Timur Tabi also approved of Keith's proposal, but added that he could relate to Keith's 5th point the best: using a debugger made it easier for beginners to learn kernel hacking. Timur added, "I lost a lot of respect for Linus when he made comments that basically implied that I was not worthy of learning the Linux kernel because I did not want to do it the hard way." To which Marco Colombo replied:

So Linus is right. His main argument is about people selection. Keep the ones who don't want to do it the hard way out of the door. You're just saying that his strategy is succeeding.

Let me ask: if you want to learn how the kernel works, and you think you need a debugger, why don't you apply the patches yourself? What Linus does with his own tree has little impact on you. You won't buy Linus with the 'learning' argument, I think.

I don't think Linus' main point is "do I the hard way or don't". The point is that "doing it with a debugger is not the easy way". It seems to be easier but you don't get the Knowledge.

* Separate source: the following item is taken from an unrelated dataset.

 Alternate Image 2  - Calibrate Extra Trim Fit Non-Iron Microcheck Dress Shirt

So in the end it's 'the right way' vs. 'the wrong way'. not 'hard' vs. 'easy'. In this, I must say I agree with him. I'd also add that source code is (should be) a language to express ideas (at the same time to implement them). With a well written source, you don't need a debugger at all to understand 'how it works'. And if you find you need it, we've quite a problem with the source in the beginning. Source code should be more human readable than debugger output, *expecially* for beginners. In this Linus is doing a great job.

My points againts Linus' arguments:

  1. you should give people freedom to do what they do. If they want to spend thier time with a debugger let them do. This 'social engineering' thing is crap. You don't make people better by filtering them.
  2. apply tight filters on what people produce (patches, features) not on how they produce. If Linus is right (and in the end I believe it), 'debugger people' will produce low quality patches (the ones that fix the syntoms not the problems), and those patches won't be blessed by Linus. I think Alan made the point that those patches sometimes may be useful to others who are looking for the real problems.

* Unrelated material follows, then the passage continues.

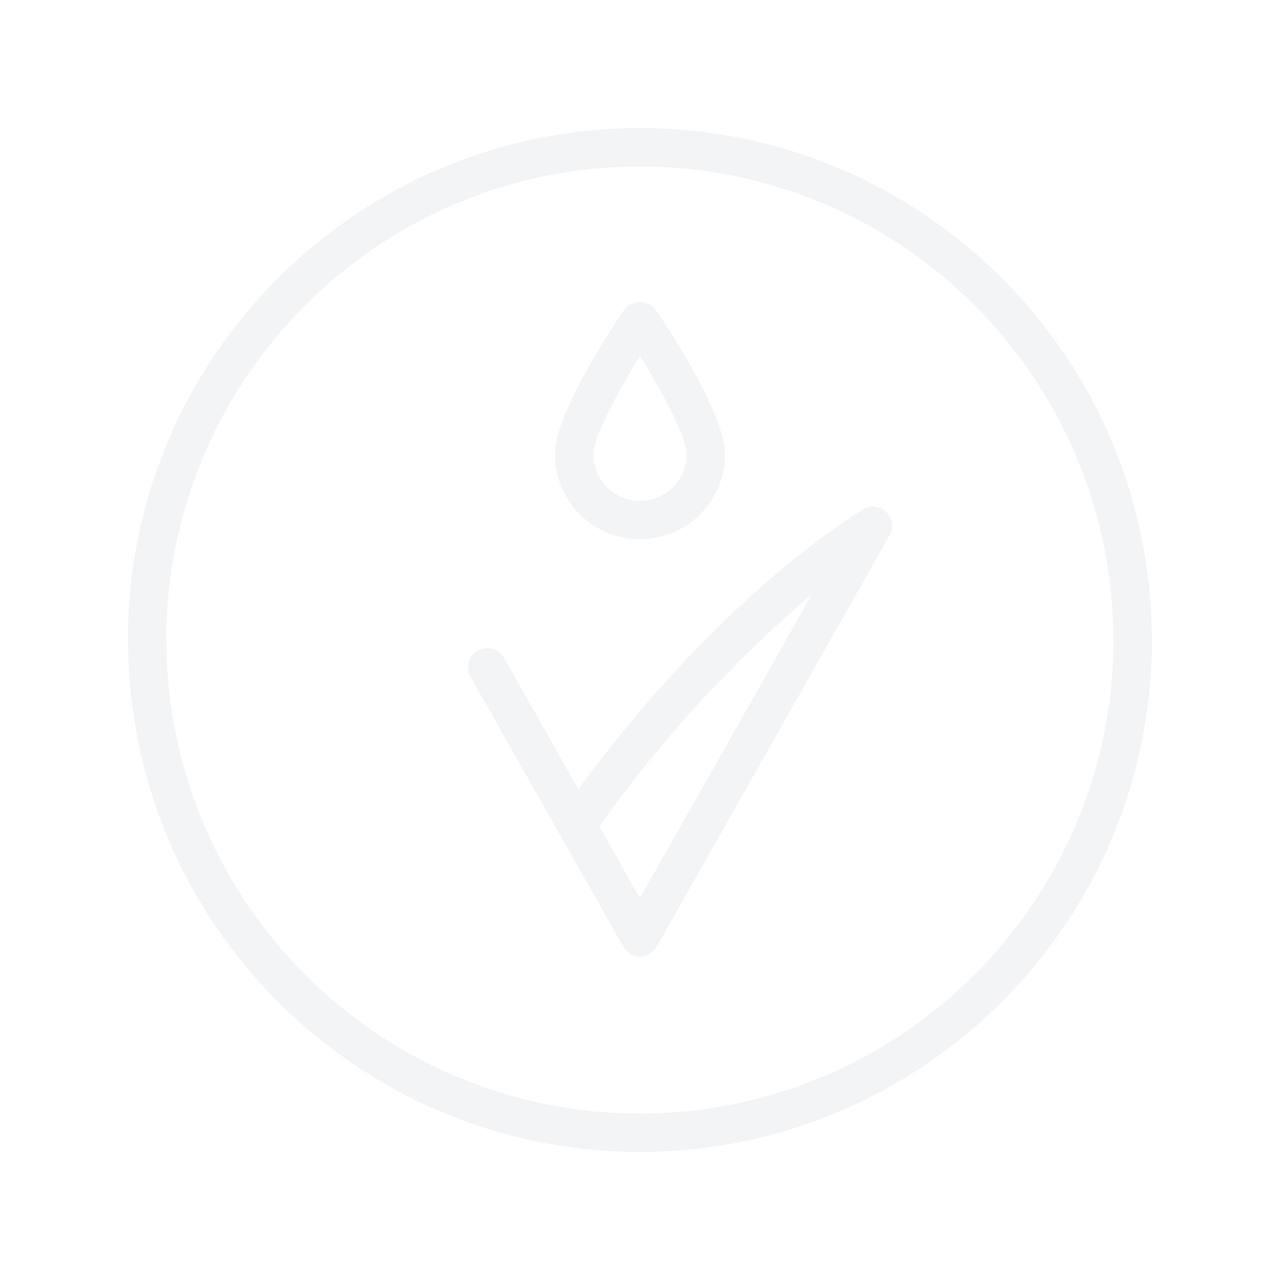 DOLCE & GABBANA The One 30ml Eau De Parfum Gift Set

Frederic Magniette agreed that a kernel debugger could end up letting people produce bad patches, but he added that it was very difficult to debug one's own kernel code, especially if the kernel started segfaulting. He argued, "Then you have to begin a very slow process of printing lots of parameters and wondering about what you could have done which is so bad. This can be really awful if your code is called very often and then saturate the logs. In that way, I think that a kernel debugger could be a powerful coding tool and not only a patching tool as you say."

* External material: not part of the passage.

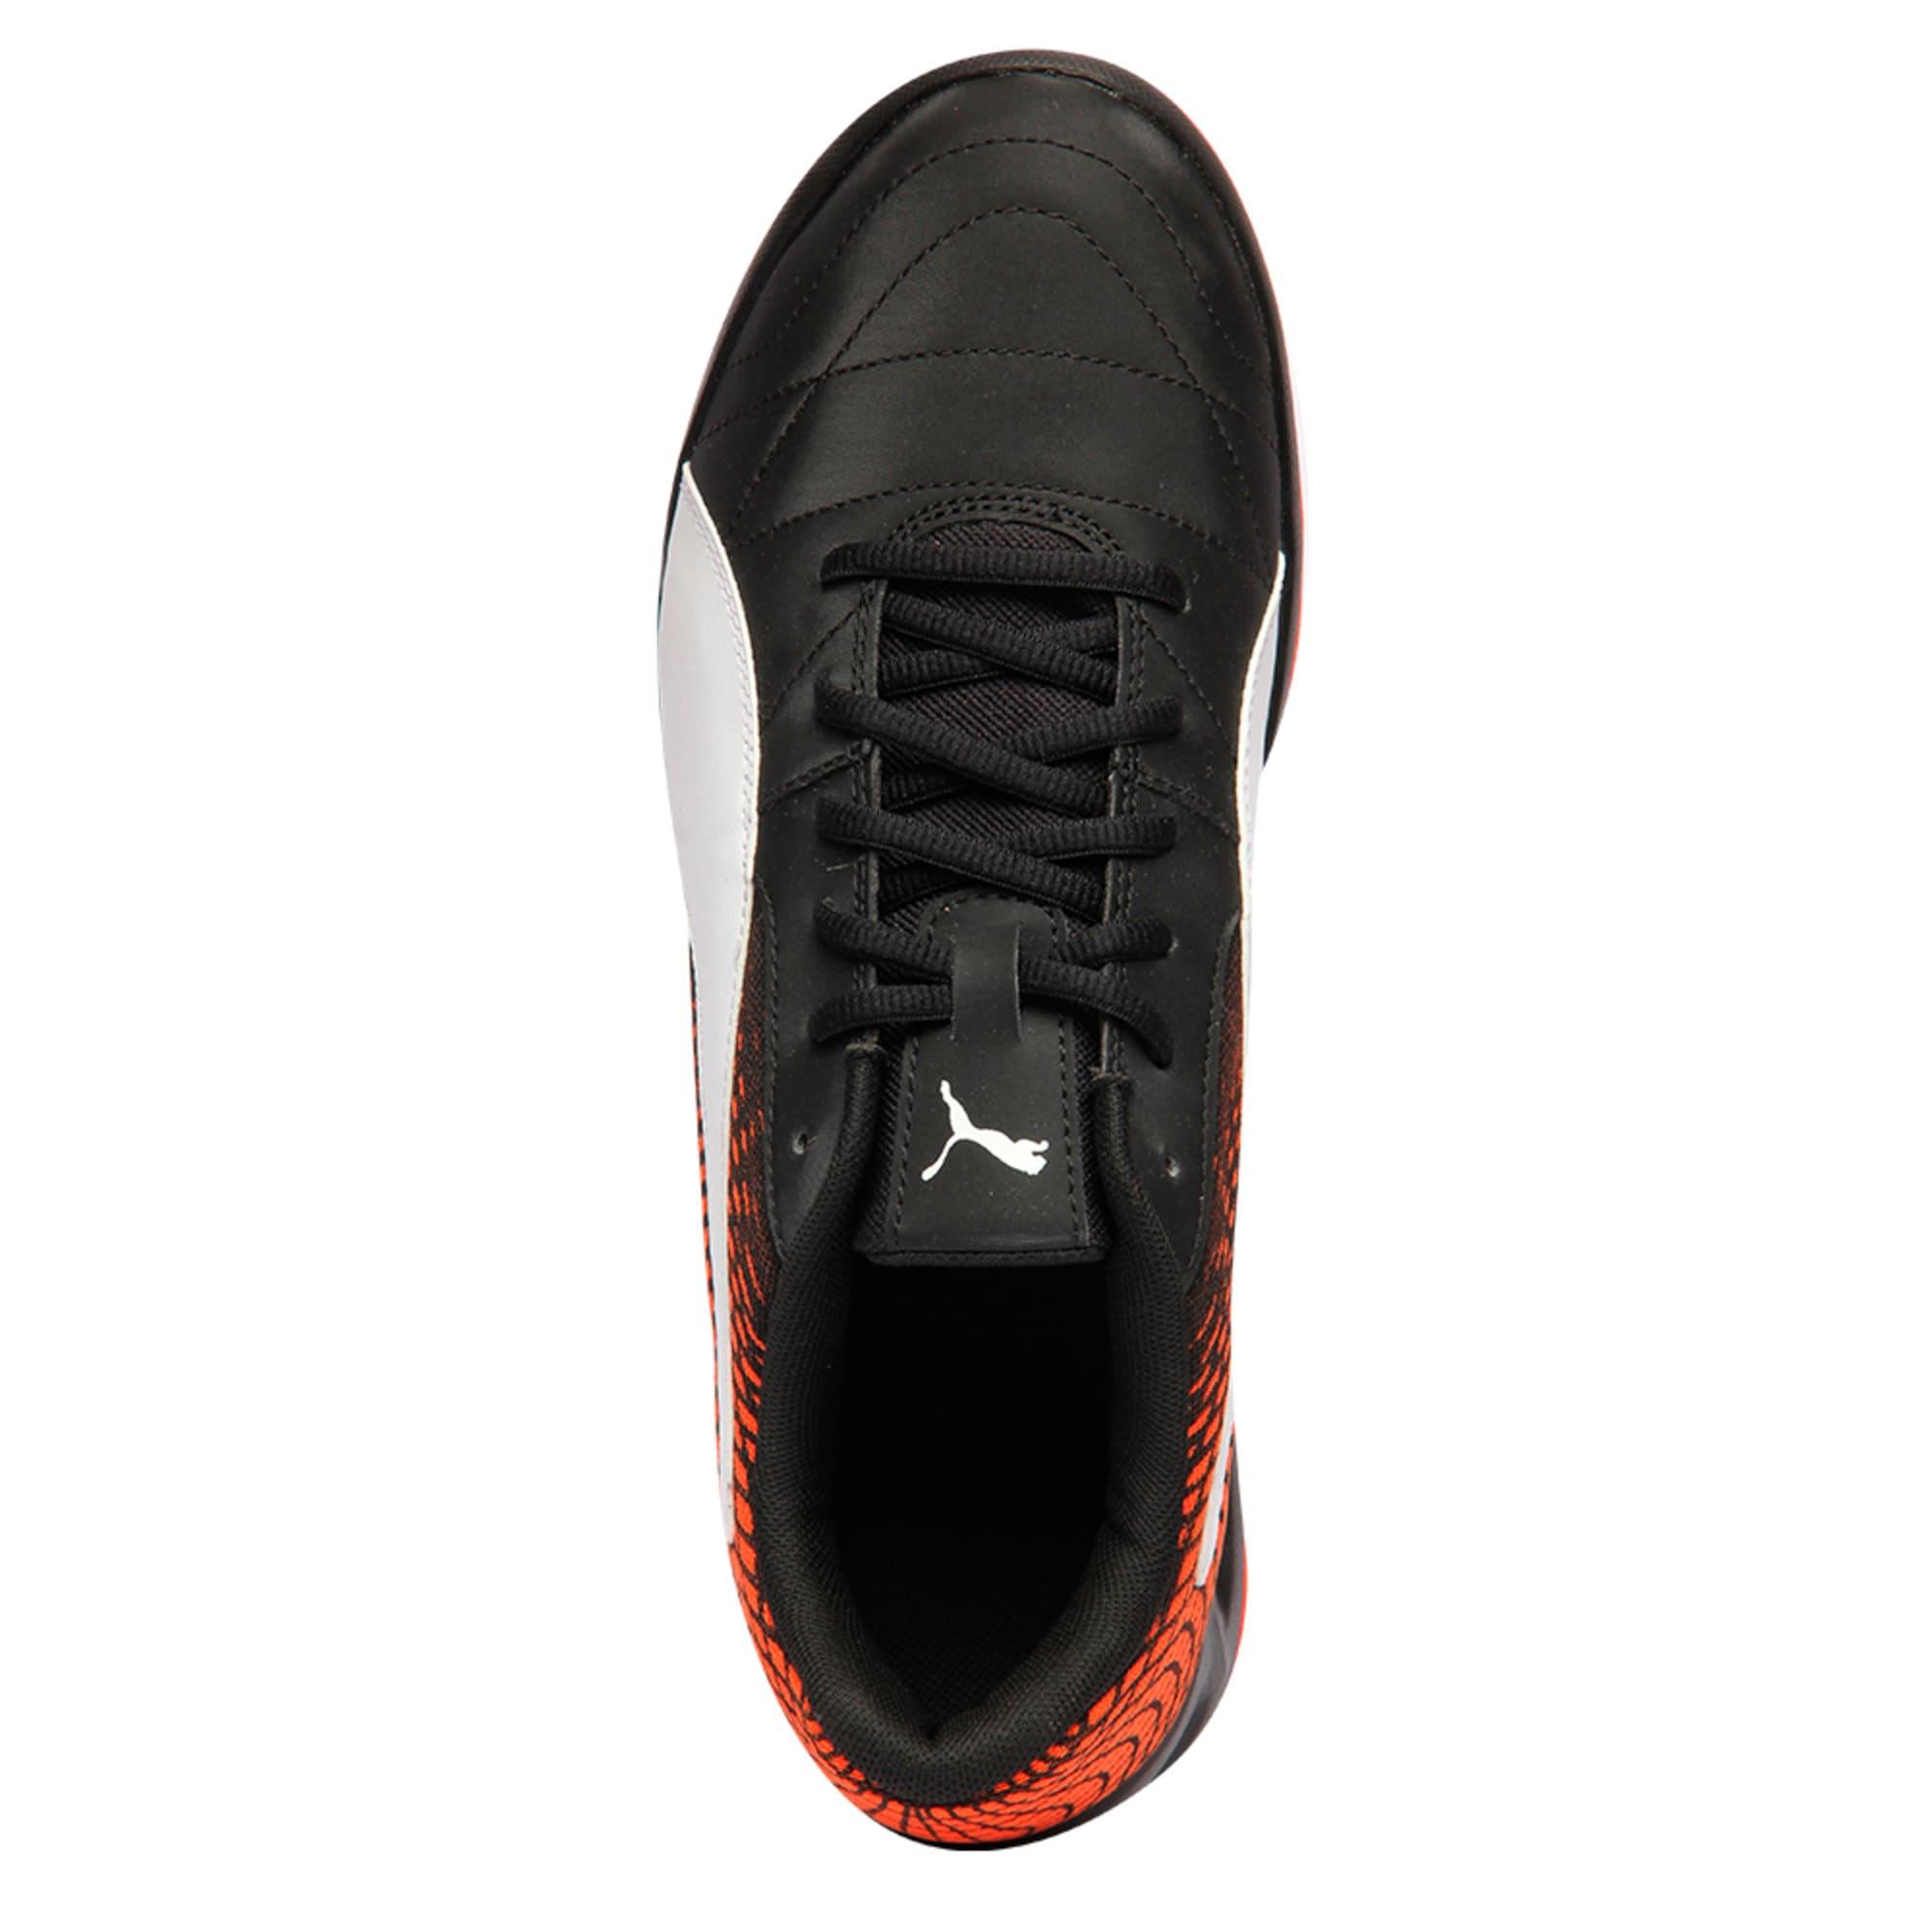 Thumbnail 3 of Veloz Indoor NG Training Shoes, Black-White-Cherry, medium-IND

There was more discussion, but at one point, Keith said, "Various people have replied to my note on "The case for a standard kernel debugger" discussing whether or not it is a good idea. However only one person's reply matters here - Linus. I ask other people to refrain from replying to this thread until Linus has had a chance to read my note and (if he chooses) to reply to it." Jeff replied, "I think he did already Keith -- he said he would reject any kernel debugger submissions. :-)"

5. Removing Distinctions Between Modules And In-Kernel Drivers

16 Sep 2000 - 23 Sep 2000 (54 posts) Archive Link: "SCSI scanning"

Topics: Disks: SCSI

People: Linus TorvaldsTorben MathiasenEric YoungdaleJan NiehusmannJeff Garzik

Jan Niehusmann reported that test9-pre1 didn't include the fix for the problem where SCSI disks were detected twice when the driver was compiled directly into the kernel (as opposed to as a module). Torben Mathiasen, the author of a patch to fix this, suggested adding an '#ifdef MODULE' and eventually overhauling the SCSI subsystem in 2.5; but Linus Torvalds replied:

Please explain why it does it twice for compiled-in, and only once for modules. There must be some other logic that does the extra initializations (and that does not trigger for modules), and I'd much rather just get rid of THAT thing instead.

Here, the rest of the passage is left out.